Not available - link failure, no data received error on WAN port with Starlink connection

So I have a Max BR1 Pro 5G with a VZW Cellular link and a Starlink connection on the WAN port.
I have two PepVPN connections, One of them set to SpeedFusion Connect (Auto) and the other is setup for a tunnel back to a SpeedFusion Hub virtual appliance at an office location.

The SFC tunnel seems to be using both my VZW Cellular and the Starlink WAN connection but the SpeedFusion Hub VPN is only using the VZW link and showing an error message reading “Not available - link failure, no data received” I can pass traffic over this tunnel but I need it to be able to do this with either the cellular WAN connection and or the Starlink connection.

I have bypassed the Starlink router and the BR1 WAN interface has a 100.78.84.XX address on it which I think is a CGNAT IP from Starlink. On the SpeedFusion Hub side, I am NATing from the a public static to the appliances NAT IP on UDP 4500 32015 and TCP 4500 and 32015.

Am I missing something? Why won’t the VPN to the Fusion Hub use both of my WAN links?

I have also seen this in my tunnel that includes the Starlink WAN. My best guess is that it has to do with the public IP in front of the CGNAT changing or something similar. I don’t see any associated dhcp renewals/ip changes at my WAN link level.

I want to say I set my tunnel up to use tcp and it got a bit better - there was a bit more resiliency, but it wasn’t fool-proof. I would have to disconnect/reconnect the Starlink wan to get it to join the tunnel again.

My guess is the vpn layer requires symmetric routing and Starlink doesn’t always provide it.

Peplink could/should implement some kind of “retry on failure” option in my humble opinion. Simply throwing an error seems a bit strange for something that is “unbreakable”. It should try to self-heal after some amount of time.

I have found very subtle issues with dual speedfusion tunnels on CGNAT providers.

#1 use a port other than 4500… since that is a default IPsec UDP tunneling port that sometimes gets special attention at a NAT/CGNAT layer. I start at 4501. (Adjust both sides of the tunnel)

#2 Use different ports for each Speedfusion concentrator. (If #1 isn’t enough)

Without doing packet capture at each location you can’t figure out which part of the network is dropping the packet.

I will try changing the ports for this specific tunnel to something other then the defaults.

Also, I know that a traditional IPsec tunnel uses IP protocols 50 and 51 yet Peplink does not ask for this to be forwarded in a NAT. They only ask for the UDP 4500 and TCP 32015.

I went ahead and put the FusionHub virtual appliance on the outside of my Firewall and gave it a public, static IP which fixed the problem but of course this isn’t an ideal solution.

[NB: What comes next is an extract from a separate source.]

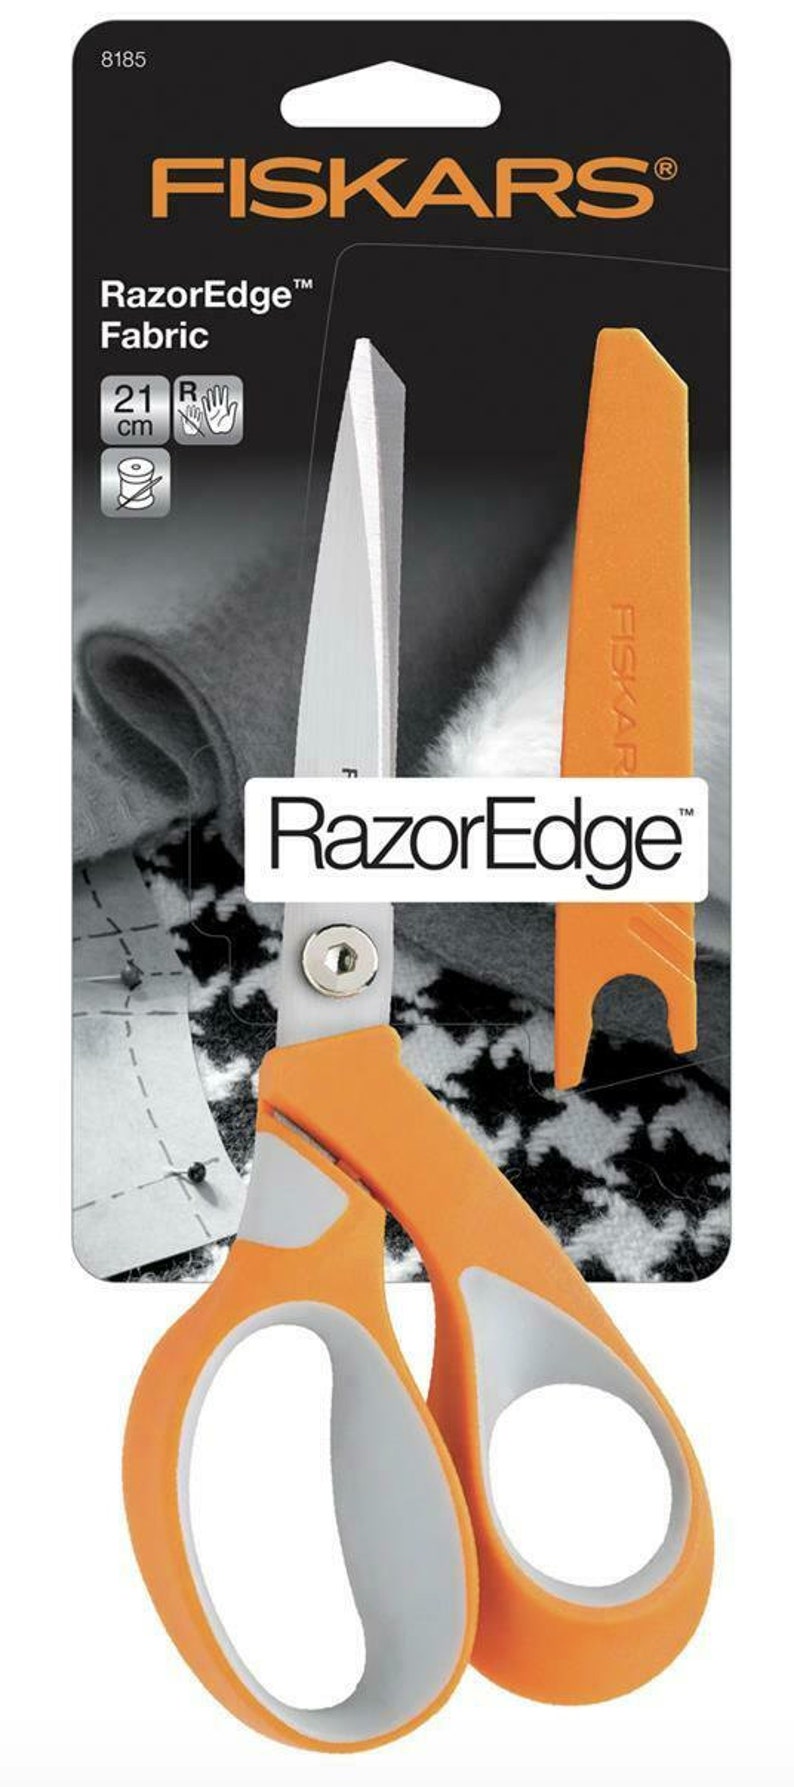 FISKARS Premium Fabric RazorEdge Dressmaking Scissors Soft Choice of 3 Sizes image 3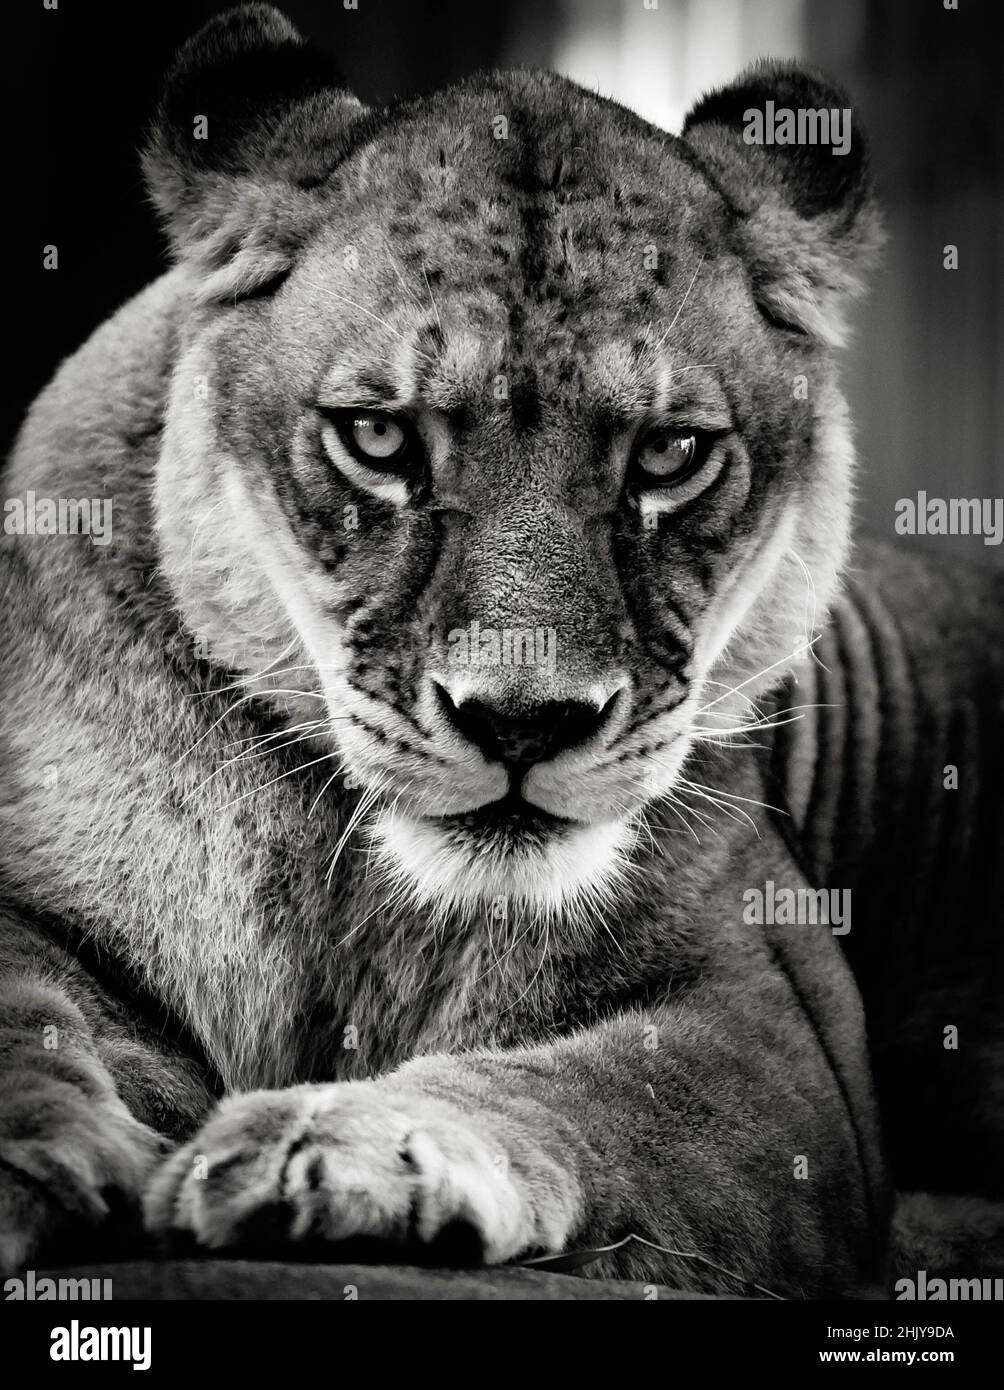 Retrato de la leona mirando y mirando la cámara. Blanco y negro monocromo Foto de stock

I read somewhere on a Peplink site that in order for a tunnel to build, at least one of the two sides must be a public, static. The VZW side is but the Starlink isn’t.

If a provider won’t NAT the bare IPsec protocols 50&51 (many FW & CGNAT won’t) , the clients will usually switch to NAT-T encapsulation which is UDP port 4500 and NAT gateways have specific handling code for that port, and they assume it should be provided this special handling. The pepvpn/speedfusion UDP packets are not NAT-T, but are their own protocol that can’t be adjusted. When you move to port 4501 then the CGNAT engine handles it as a run of the mill UDP stream.

What is required is that one end of the tunnel must have a non CGNAT Internet routable endpoint, it can be via NAT, but it needs to get all of the port 450? traffic. it can be dynamic with DNS resolution. it doesn’t need to be static. We will call that the HUB… in your system both FusionHub and SFC are both hubs. Given those hub endpoints all of the WANs of the remotes can be CGNAT. As long as the firewall will allow the traffic it doesn’t need to be exposed.

What you can’t do is a completely CGNAT → CGNAT.

The problem I have seen with UDP 4500 isn’t logical, but getting support from Starlink and VZW to do packet captures at their CGNAT engine just isn’t happening. The only thing I can think about is that the CGNAT system has thousands of port 4500 sessions, and eventually gets confused when two almost identical SF tunnels are going via the CGNAT system. I have had VZW work in one state just fine… and then when remote in another state, the one SF tunnel would be down… With no config changes on my end… but probably a different CGNAT hardware, or just different traffic levels, different day, etc. Once I moved the tunnels up to 4501 or 4503 it connected everywhere.